▶ [RECORDED DATA]

- Opening Delimiter -

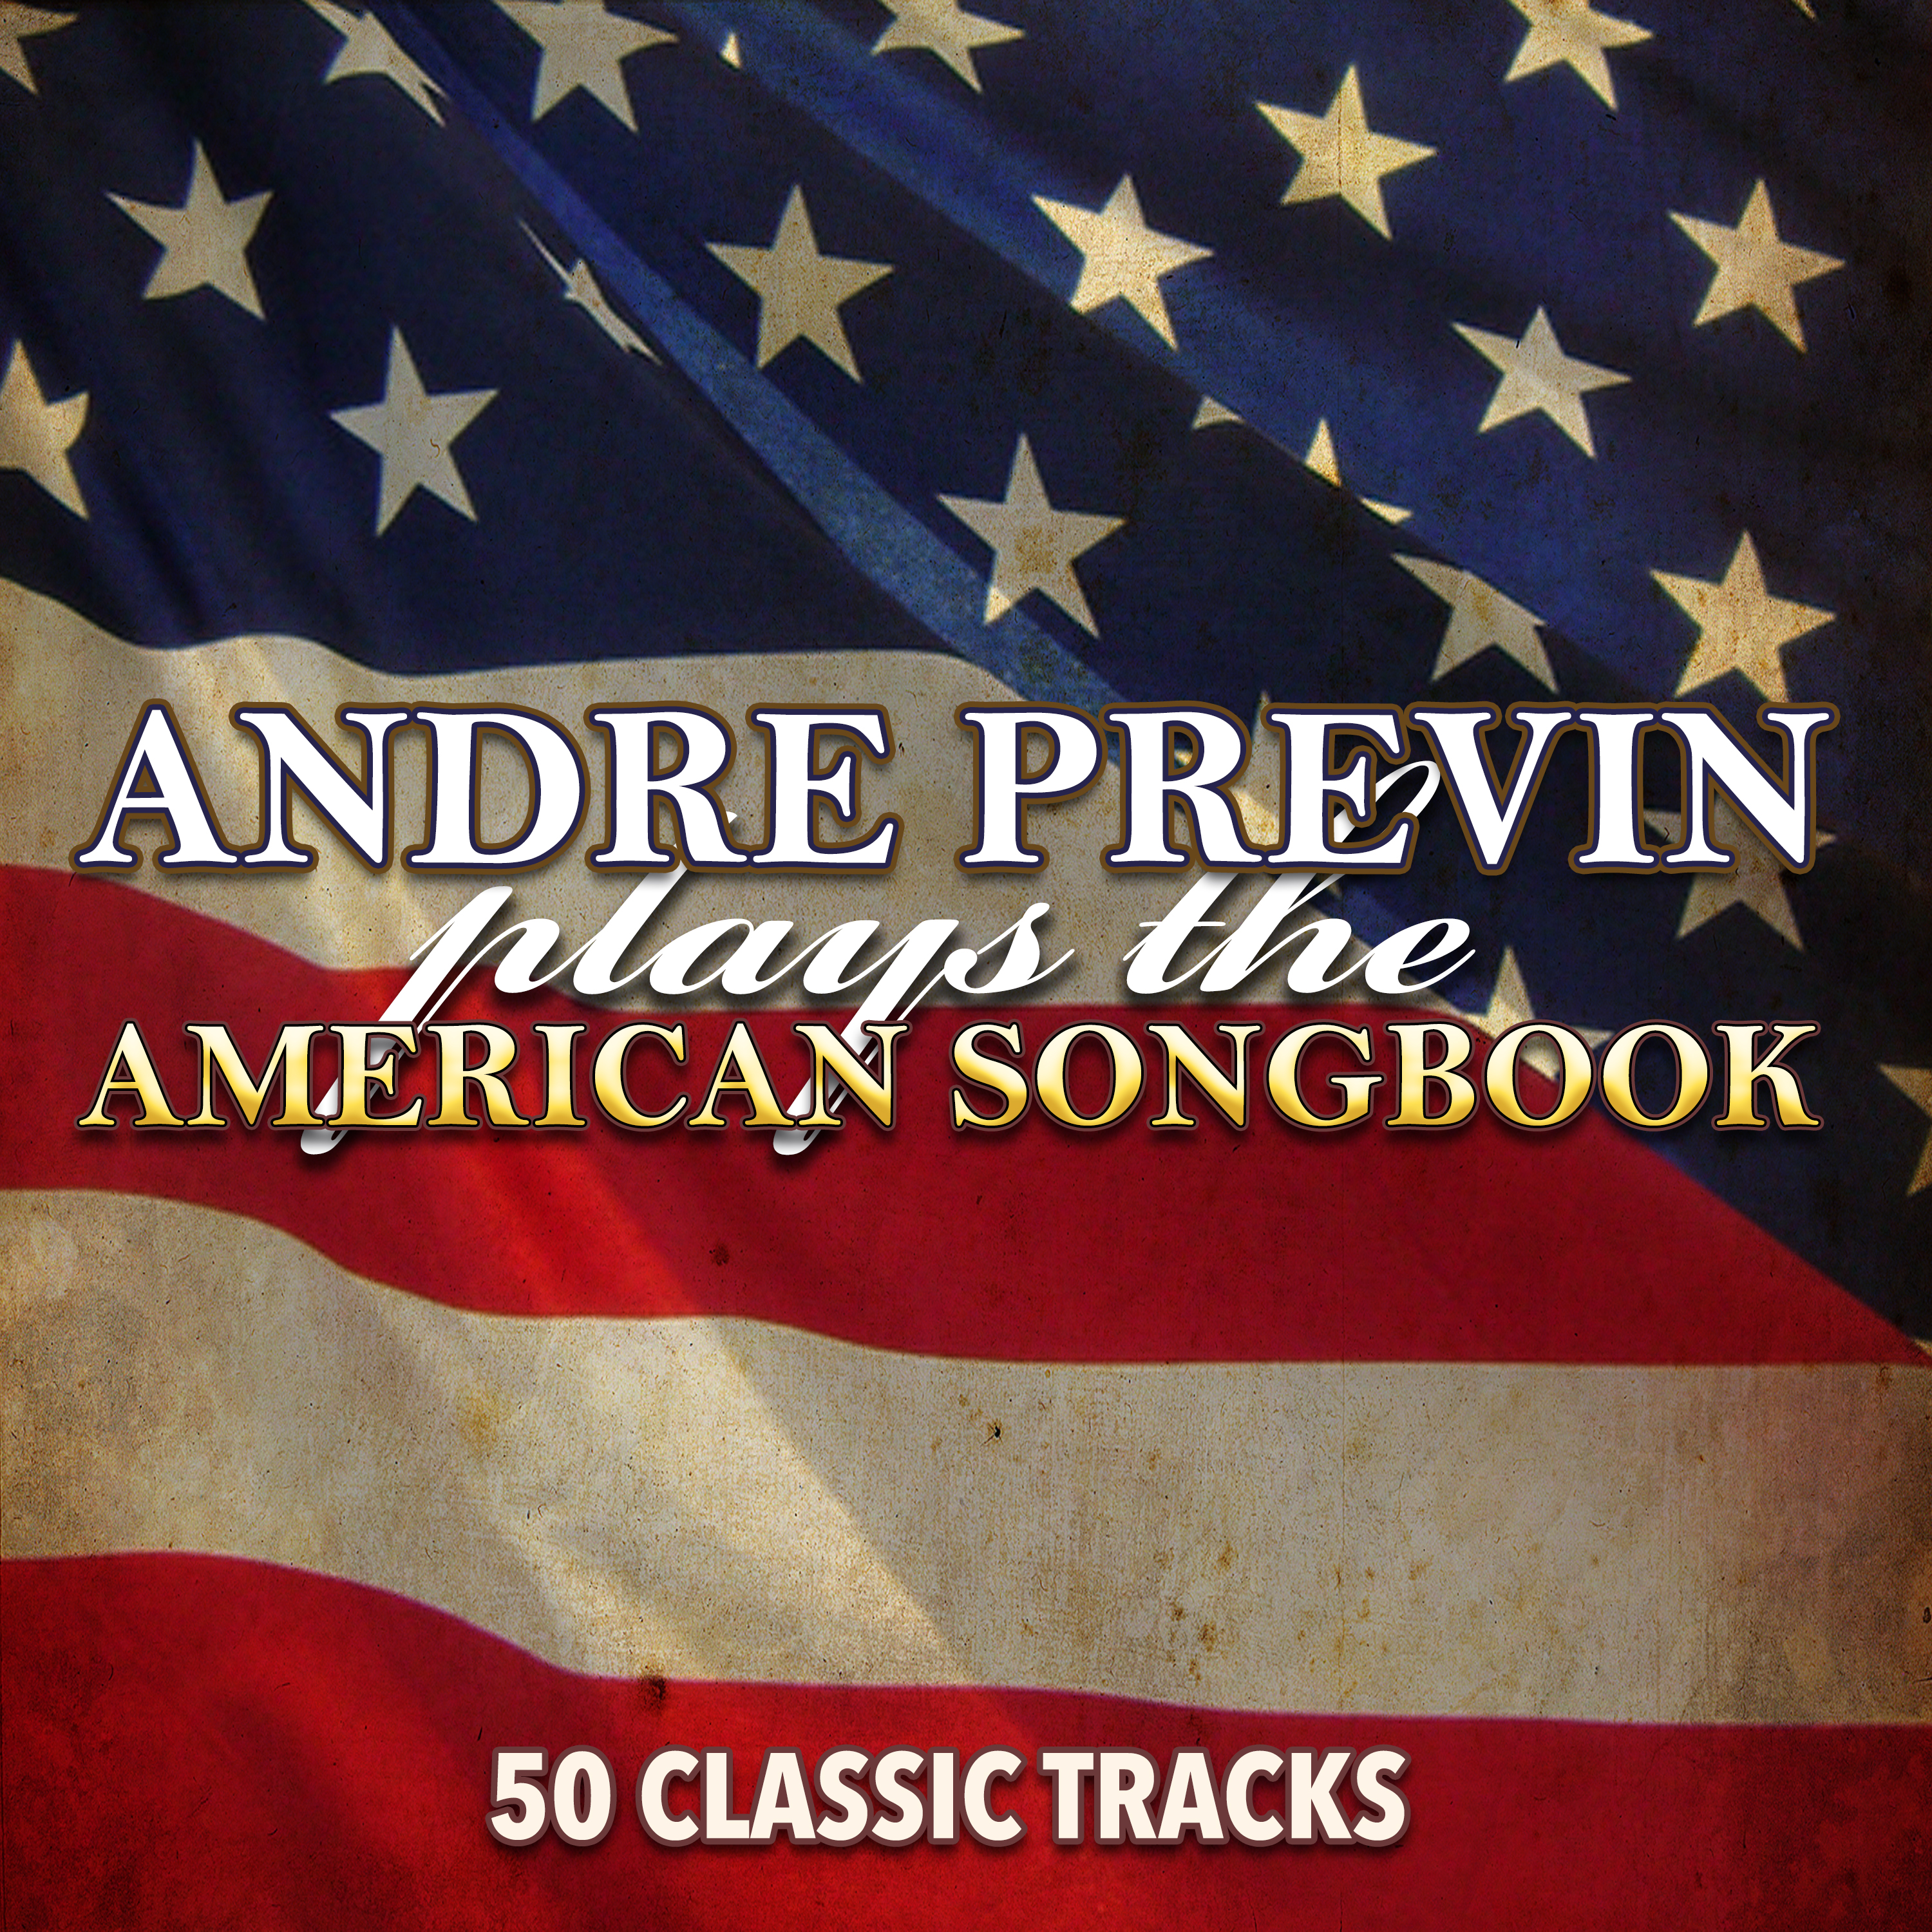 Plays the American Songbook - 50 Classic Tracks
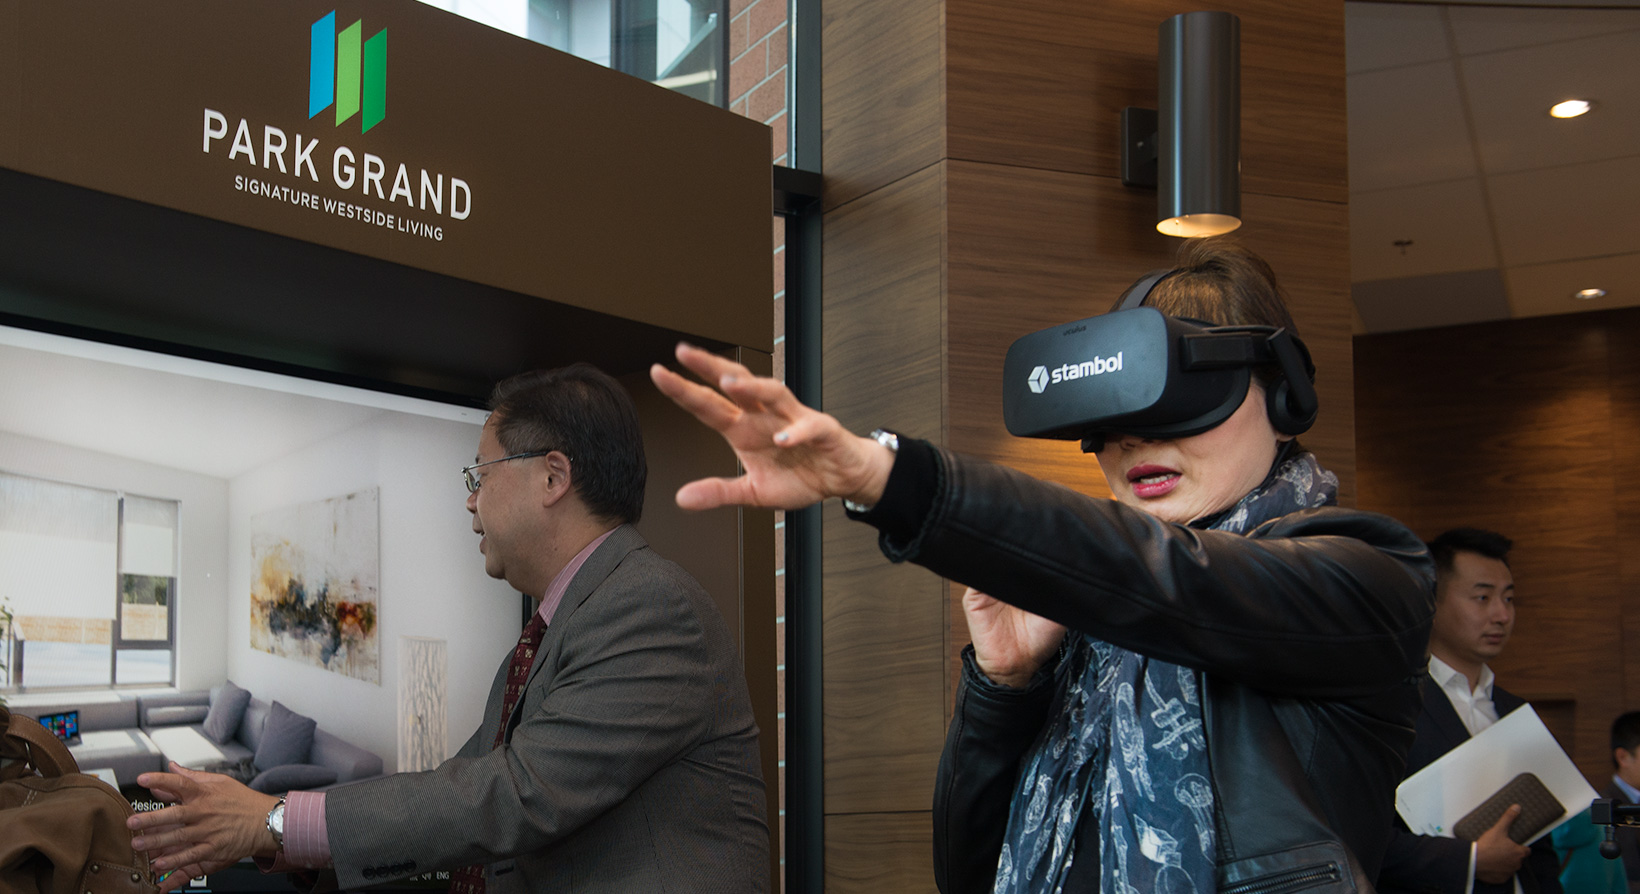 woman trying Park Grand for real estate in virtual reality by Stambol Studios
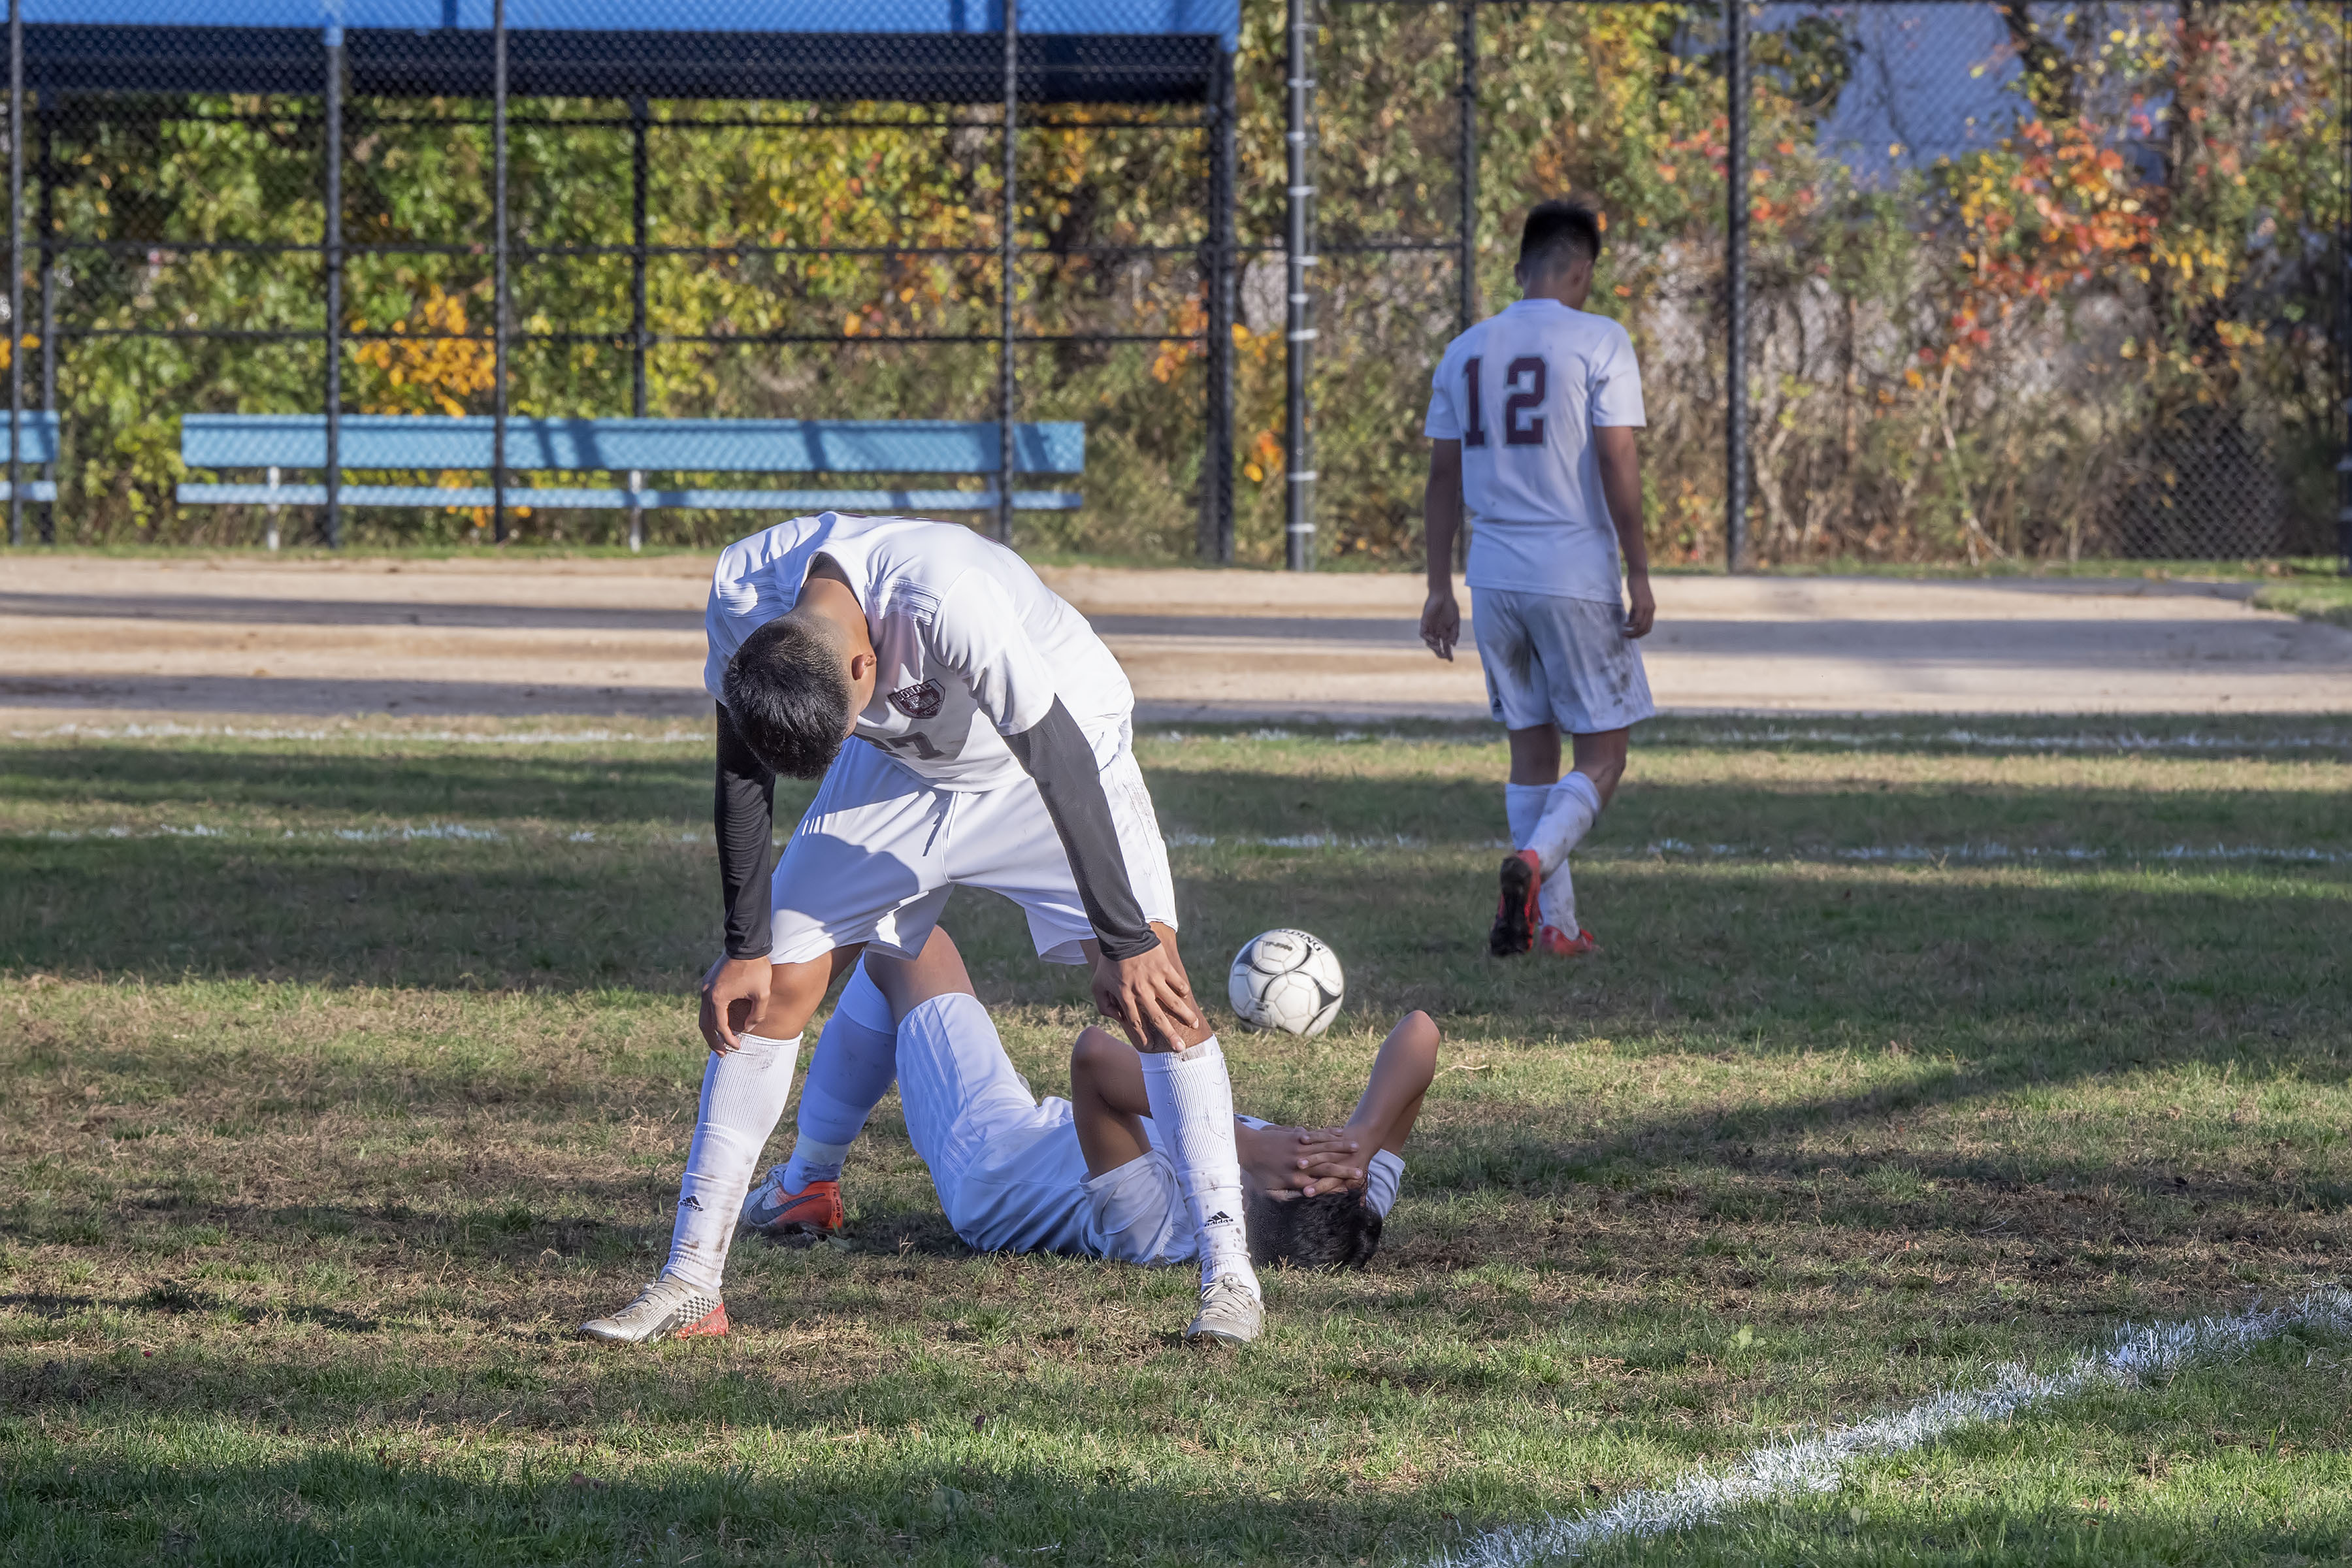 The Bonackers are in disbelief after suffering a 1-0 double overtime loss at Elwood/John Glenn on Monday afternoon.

- Closing Delimiter -

▶ [PROBLEM]
The expected output is an exact retyping of the lines from the line with "woman trying Park" through the last line of the data, with both ends kept and the pictures dropped.

▶ [TASK RESPONSE]
 woman trying Park Grand for real estate in virtual reality by Stambol Studios
 The Bonackers are in disbelief after suffering a 1-0 double overtime loss at Elwood/John Glenn on Monday afternoon.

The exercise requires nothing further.